Bruton's tyrosine kinase prevents activation of the anti-apoptotic transcription factor STAT3 and promotes apoptosis in neoplastic B-cells and B-cell precursors exposed to oxidative stress

Abstract

Bruton's tyrosine kinase (BTK) was previously demonstrated to be a mediator of oxidative stress-induced apoptosis in irradiated neoplastic B-cells and B-cell precursors. Defective BTK expression in leukaemic B-cell precursors from infants with t(4;11) acute lymphoblastic leukaemia has been associated with radiation resistance. The present study examined whether BTK mediates apoptosis during oxidative stress by interfering with the anti-apoptotic function of signal transducer and activator of transcription 3 (STAT3). BTK physically associated with and tyrosine phosphorylated STAT3; this association was promoted by pervanadate (PV)-induced oxidative stress. The BTK/STAT3 interaction appeared to prevent STAT3 response to oxidative stress, because PV-induced STAT3 activation was markedly enhanced in DT40 chicken lymphoma B-cells that were rendered BTK-deficient by targeted disruption of the btk gene as well as in BTK-deficient RAMOS-1 human lymphoma B-cells.

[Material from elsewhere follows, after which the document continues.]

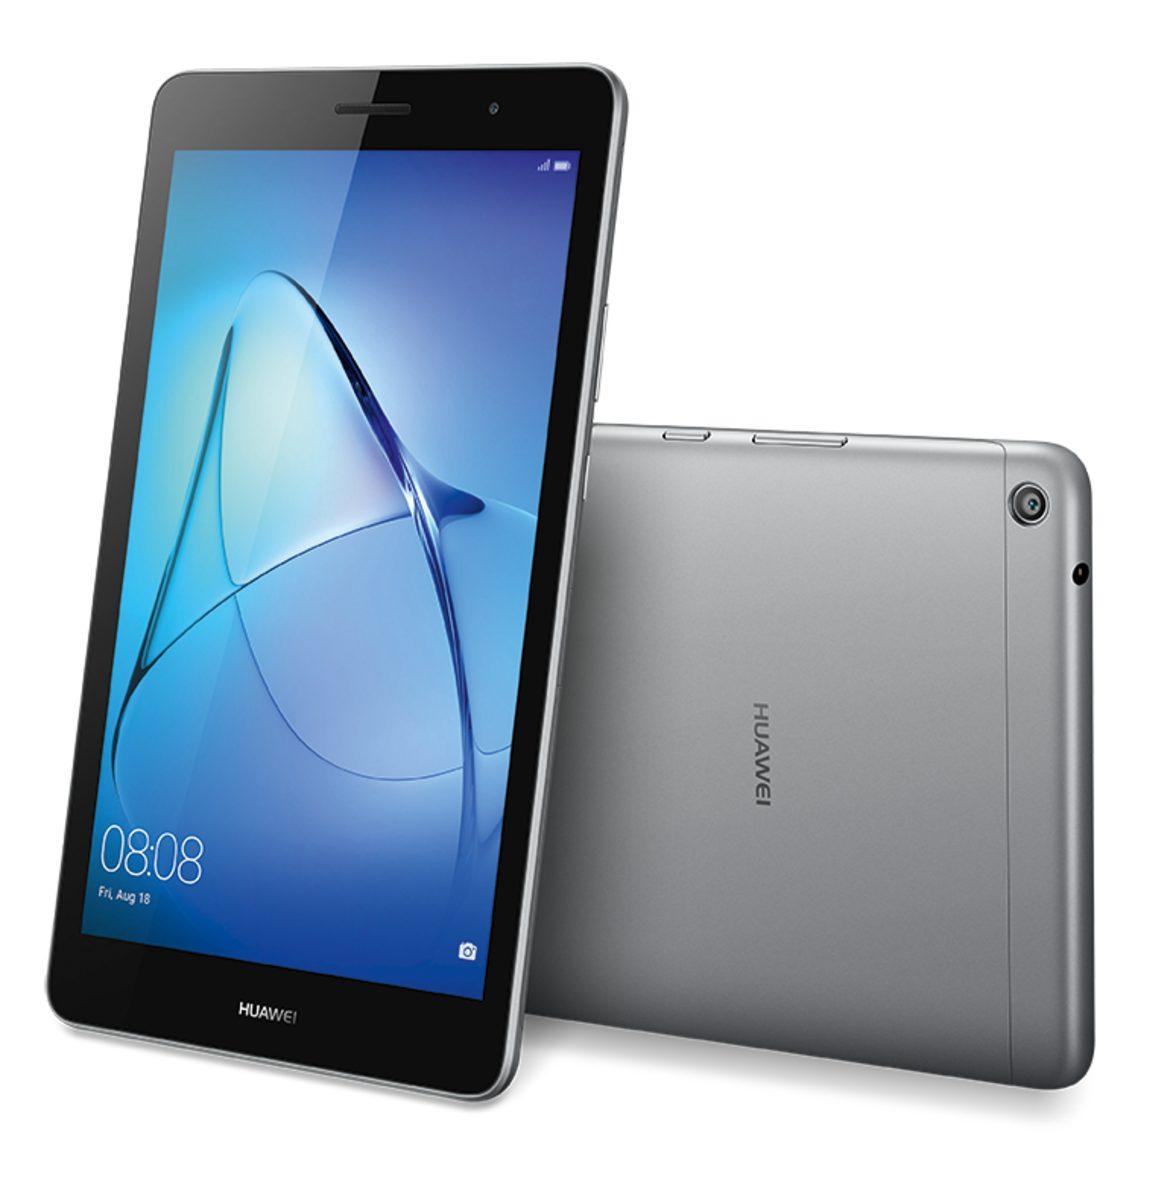 huawei tablet mediapad t3 wifi 2 16gb auf raten kaufen. Black Bedroom Furniture Sets. Home Design Ideas

These BTK-deficient cells were highly resistant to oxidative stress-induced apoptosis triggered by PV treatment. Reconstitution of BTK-deficient DT40 cells with wild-type human BTK gene eliminated the amplification of the STAT3 response and restored the PV-induced apoptotic signal. Similarly, while the BTK-positive NALM-6 human leukaemic B-cell precursor cell line showed no STAT3 activation after PV treatment and was exquisitely sensitive to PV-induced apoptosis, PV failed to induce apoptosis in BTK-deficient RAMOS-1 human lymphoma B-cells that showed a robust STAT3 response. These results provide unprecedented biochemical and genetic evidence for a unique mode of cross-talk that occurs between BTK and STAT3 pathways during oxidative stress, whereby BTK may trigger apoptosis via negative regulation of the anti-apoptotic STAT3 activity.